Халид и Томас разошлись. Халид постарался в это утро держаться подальше от дома — меньше всего сейчас ему хотелось встретиться с Ричи. Но он мог по этому поводу не беспокоиться. Уже к полудню невероятный слух усилиями Томаса распространился по всему городу, и очень скоро целый отряд Призраков подошел к дому Халида и увел Ричи.
— А бабушка? — спросил он.— Ее не арестовали?
— Нет, только его,— ответили ему.— Билли Кавендиш видел, как это было. Они поговорили с ним, и он стал как бы не в себе. Кричал и вопил, точно человек, которого волокут на виселицу.
Халид никогда больше не видел своего отца.
За убийством тут же последовали репрессии. Все население Солсбери и пяти соседних городов согнали вместе и вывезли в лагеря для интернированных около Портсмута.
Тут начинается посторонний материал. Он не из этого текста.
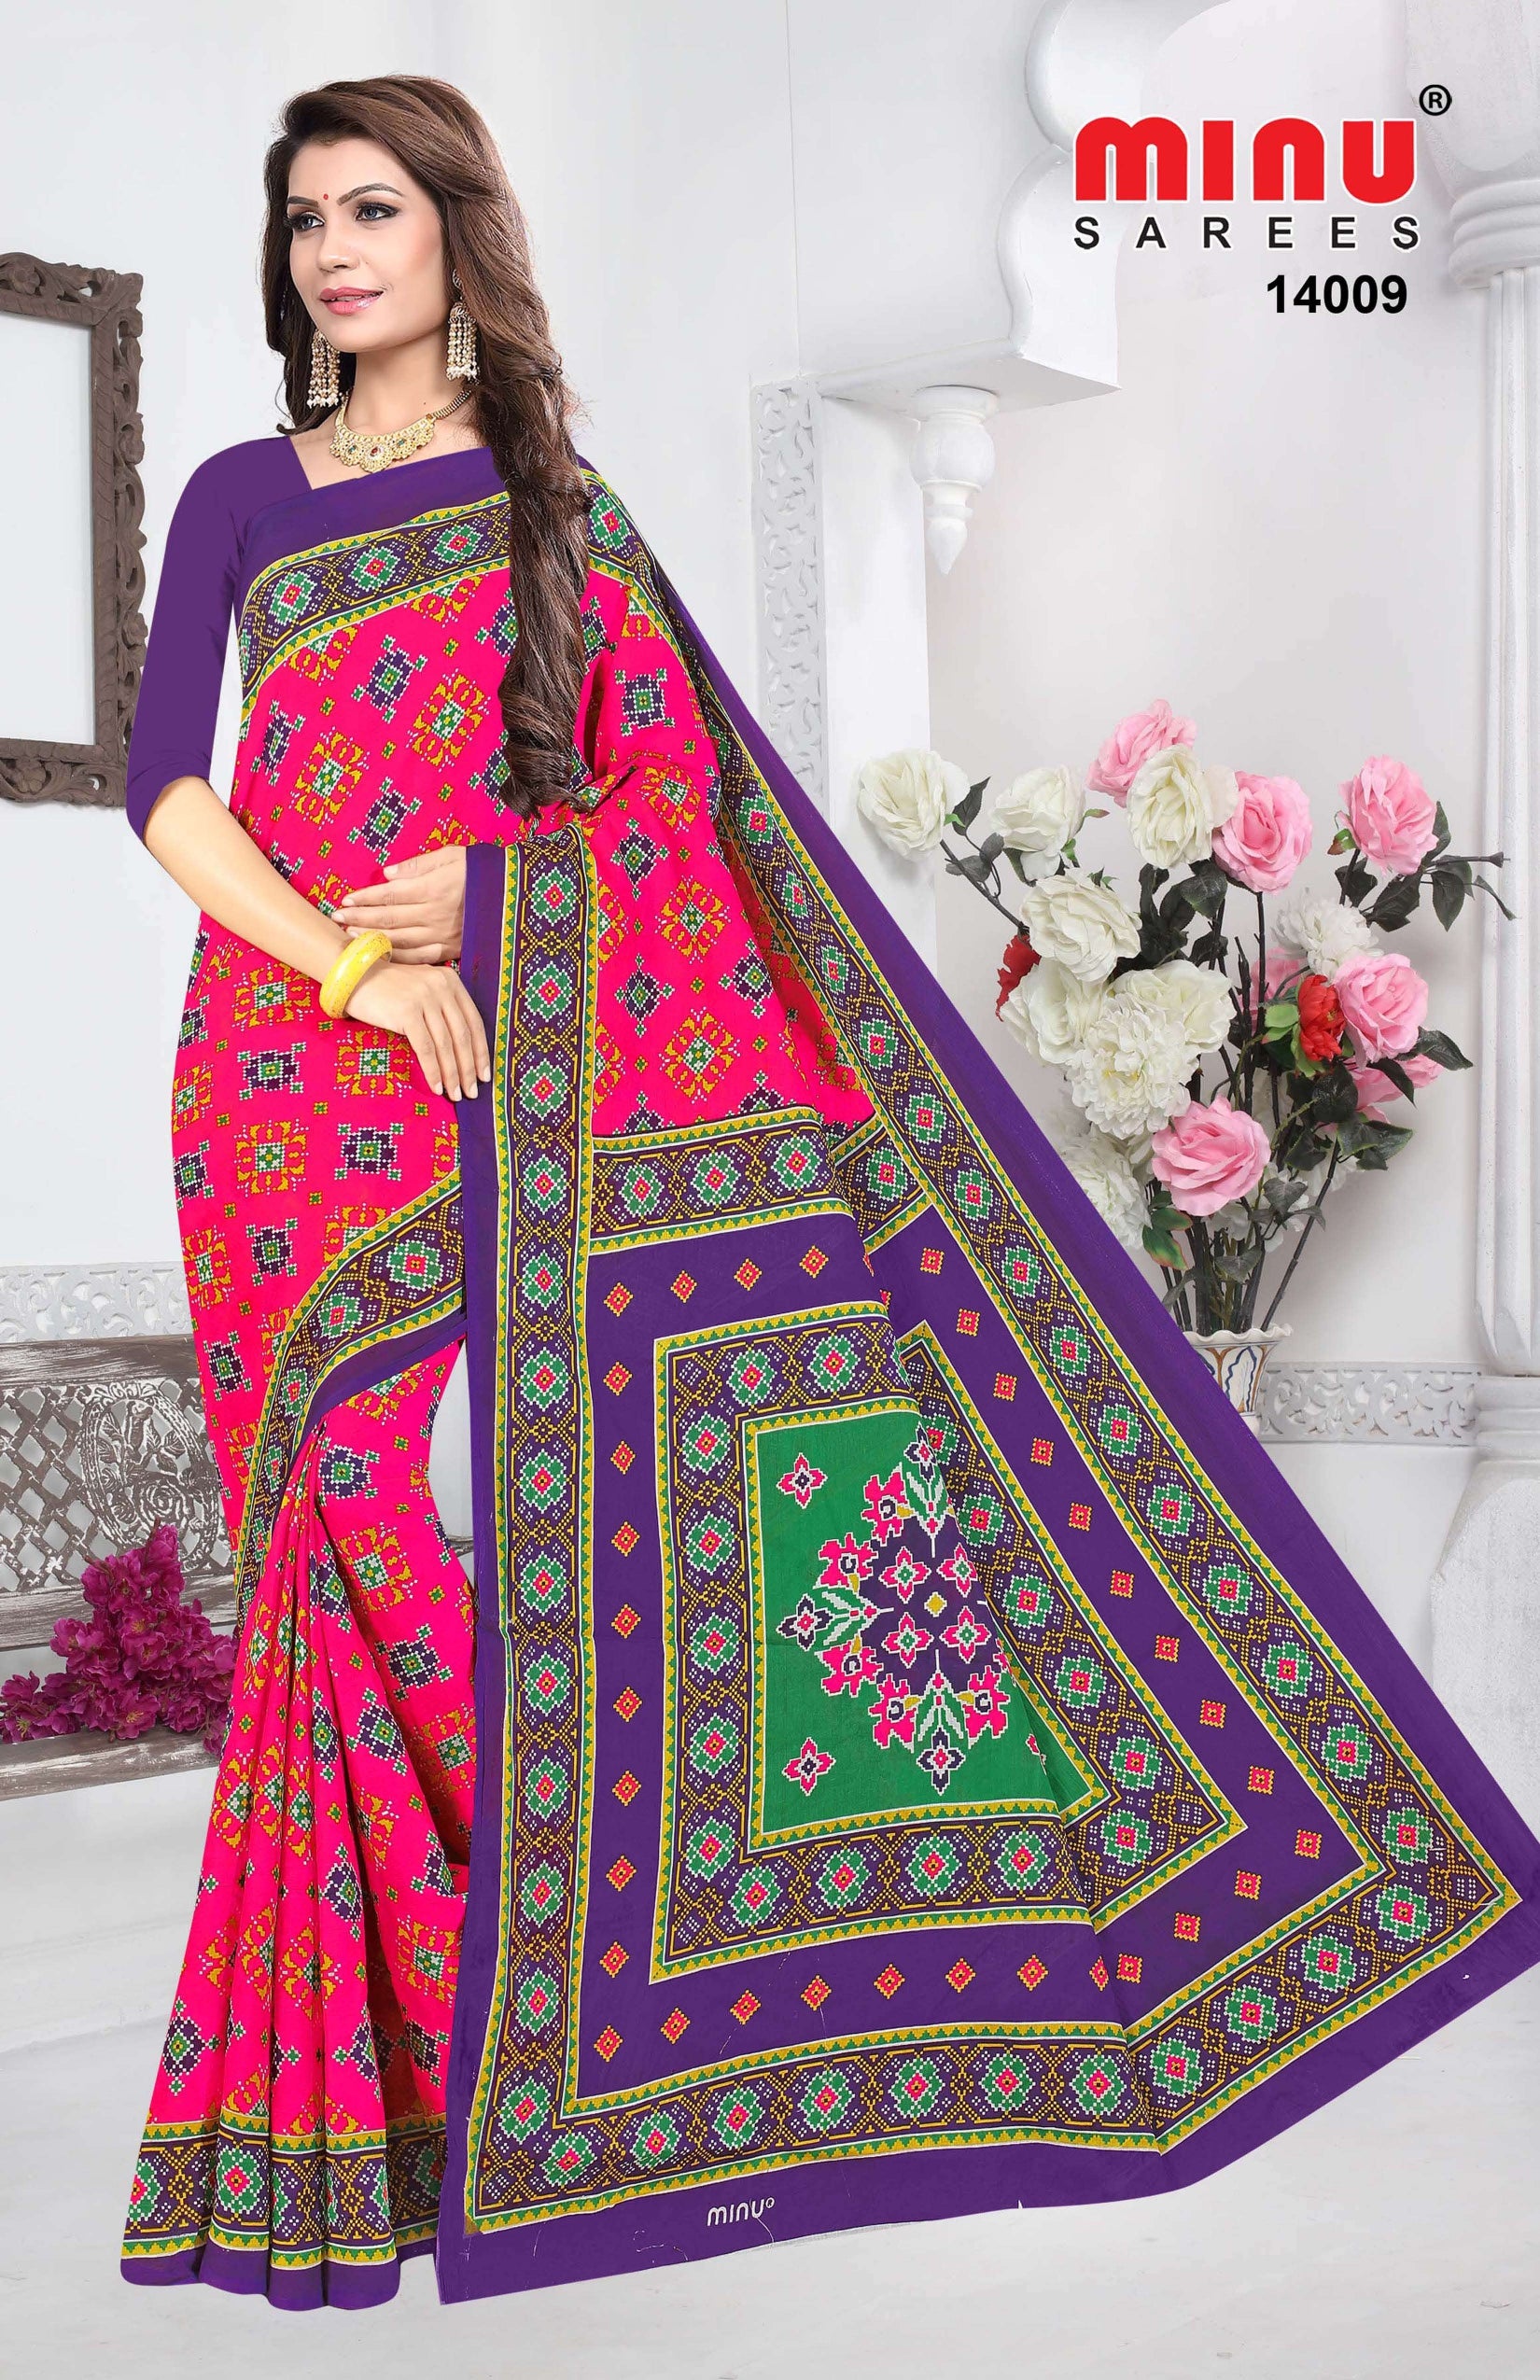 Woman wearing multi colored printed saree for retail online

На протяжении нескольких дней много депортированных было убито; судя по всему, выбор был совершенно случайным, потому что между ними не просматривалось ничего общего. В начале следующей недели уцелевших разослали из Портсмута во всякие другие места, в том числе и очень отдаленные, в разных частях света.
Халид остался жив. Его просто отправили очень далеко.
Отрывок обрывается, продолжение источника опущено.